Непреходящее воспоминание о совокуплениях. Когда-то давно, во время их совместной жизни в Нью-Йорке, они оказались в постели, и все только начиналось, как вдруг зазвенел телефон; к недовольству Пирса, она ответила, он же решил продолжать, несмотря ни на что. Звонила ее подруга — Лу, ковбойша из Денвера. Лу, сейчас не самое подходящее время. Правда-правда, Лу. Хочешь знать, что происходит? Она томно рассмеялась, устроилась поудобнее, чтобы лучше видеть, что делает Пирс, и продолжила разговор с Лу — рассказывала, описывала, а из трубки слышалось воркование; он и сам заговорил с ней, привет, Лу, жаль, тебя с нами нет.
Жаль, тебя с нами нет. Интересно, а они с Лу когда-нибудь… Она часто намекала. Хотел бы и я, если она. Хотел бы я. Я хочу. Я хочу. Я хочу.
На мгновение он провалился в дремоту и проснулся от своего свирепого храпа.
Ой, ну что за чушь.
Телефон, хладный и оцепенелый, притулился в дальнем Углу; он не звонил уже много дней.
Hypnerotomachia Poliphili.
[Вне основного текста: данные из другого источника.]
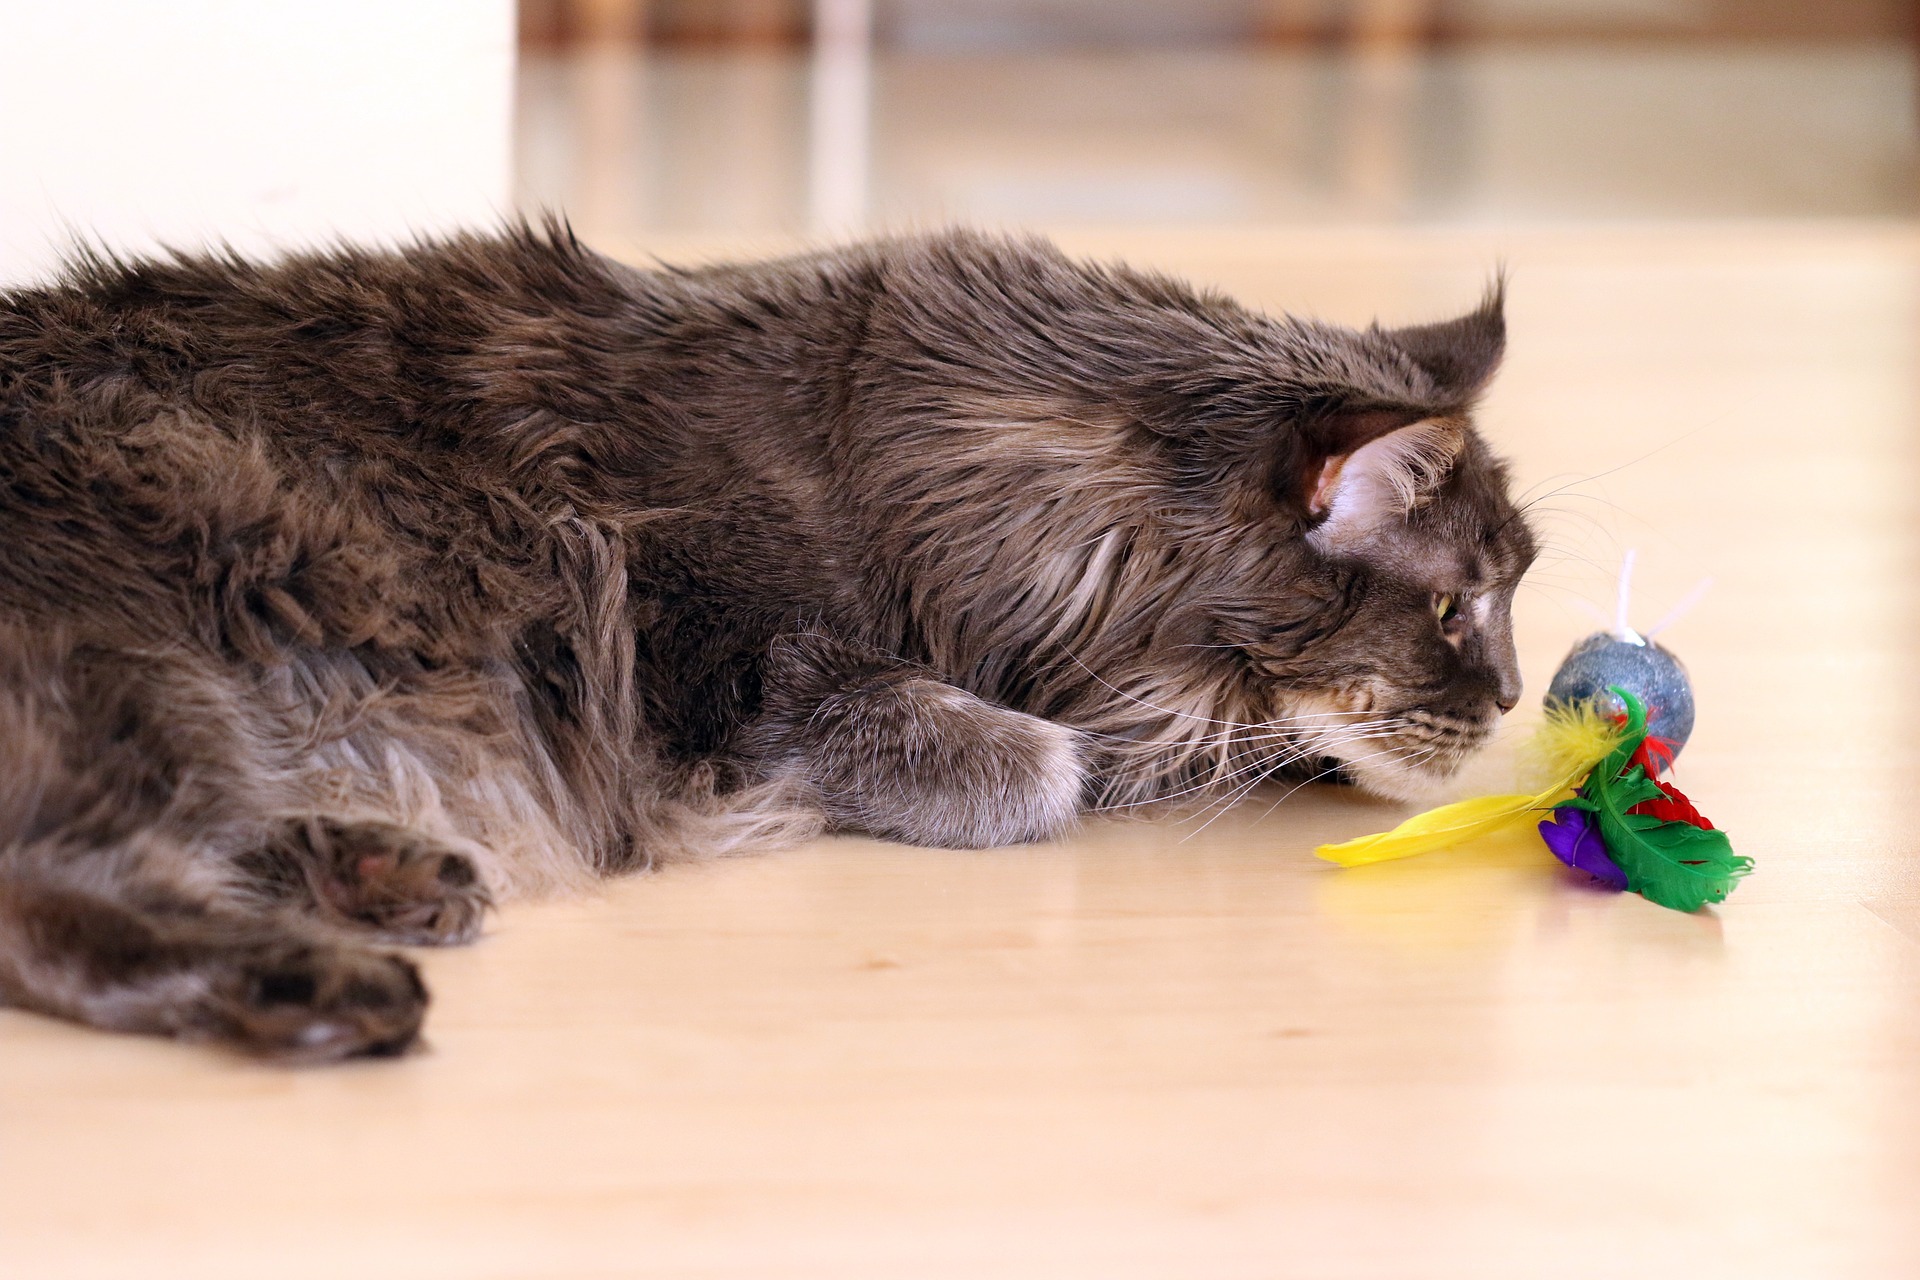 Hra s kočkou by měla sestávat z několika krátkých sezení. Každých asi 10 minut - skončených chycením hračky, může být několik takových sezení v řadě - v závislosti na stavu kočky. Když necháváte kočku samotnou s hračkou, nezapomeňte, že není nezničitelná a její stav by měl být často kontrolován.

Издержки духа и стыда растрата.[366]
Острым резцом она прошлась по его душе — единственная, кто привлек внимание одноглазого Стрельца, единственный объект странной церебральной похоти меланхолика — это неудивительно; но какая звезда, какое сочетание меланхолических предпосылок явилось причиной того, что он заметил совсем недавно, того, что в нем укоренилось стремление изъять себя из собственных фантазий. Она не хотела быть с ним, поэтому он воображал ее в объятиях других; и в краткий миг, когда он, казалось, чувствовал ее чувства в чужих объятиях — яркую тень ее подлинных чувств, — тогда он кончал.
На какую скользкую дорожку он ступил — и когда? Почему его не пугает то, что с ним сталось?
Летний свет еще не покинул небосвод, хотя лунный диск циферблата и показывал девять часов. Лежа на кровати, он видел желтый прямоугольник окна своего друга и соседа Бо Брахмана — единственное яркое пятно на темном силуэте дома по той стороне улицы и чуть наискосок. Бо, мистагог[367] поневоле, — чем бы он сейчас ни занимался, но уж не тем, чем Пирс.
А Пирс не включал свет, значит, не нужно было и выключать; он вытянулся на кровати, натянул простыню, отвернулся от кухни, куда его призывала грязная посуда, и заснул.
Глава девятая
На самом деле Бо тоже представлял себе совокупление: слепое, влажное, жаркое — столь жаркое, что и Андрогин бы не выдержал и целиком стал мужчиной.
Под лампой, зажженной в его монашеском обиталище на верхнем этаже, лежали две книги, — один закрытый томик поверх другого, оба в бордовых переплетах; какой-то крохотный тропический клещ набросился на пятнышки клея, рассыпанные по обложкам, и угощение это окончилось для него, лишь когда Бо перевез книги в более холодные края. Оба тома были напечатаны Теософским издательством в Бенаресе, где и нашел их Бо: «Триждывеличайший Гермес» Дж. Р. С. Мида.
Несколько часов этой душистой ночи он посвятил чтению — а ведь он не открывал Мида уже несколько лет; такой знакомый шрифт, памятное расположение абзацев, убористые черные пометки на полях — будто святыни на обочине каменистой тропинки, — все это вернуло Бо в те жаркие дни и ночи, когда он читал «Гермеса» впервые.
Но сейчас он не читал. Если бы Пирс мог не просто взглянуть на окна Бо, а заглянуть в них, он бы увидел, что тот, голый до пояса, неподвижно сидит в кресле, надев наушники, подсоединенные к громоздкому старому усилителю («Фишер»)[368] и проигрывателю. Он слушал океаническую симфонию Малера[369] — или, вернее, не слушая плыл по ее волнам; поддавшись мнимо-бесконечному музыкальному coitus prolongatus,[370] он то погружался, то выныривал из фильма собственного производства, сопровождаемого музыкой Малера. Сценарием был «Поймандр» Гермеса Триждывеличайшего, много лет назад пересказанный доктором Мидом.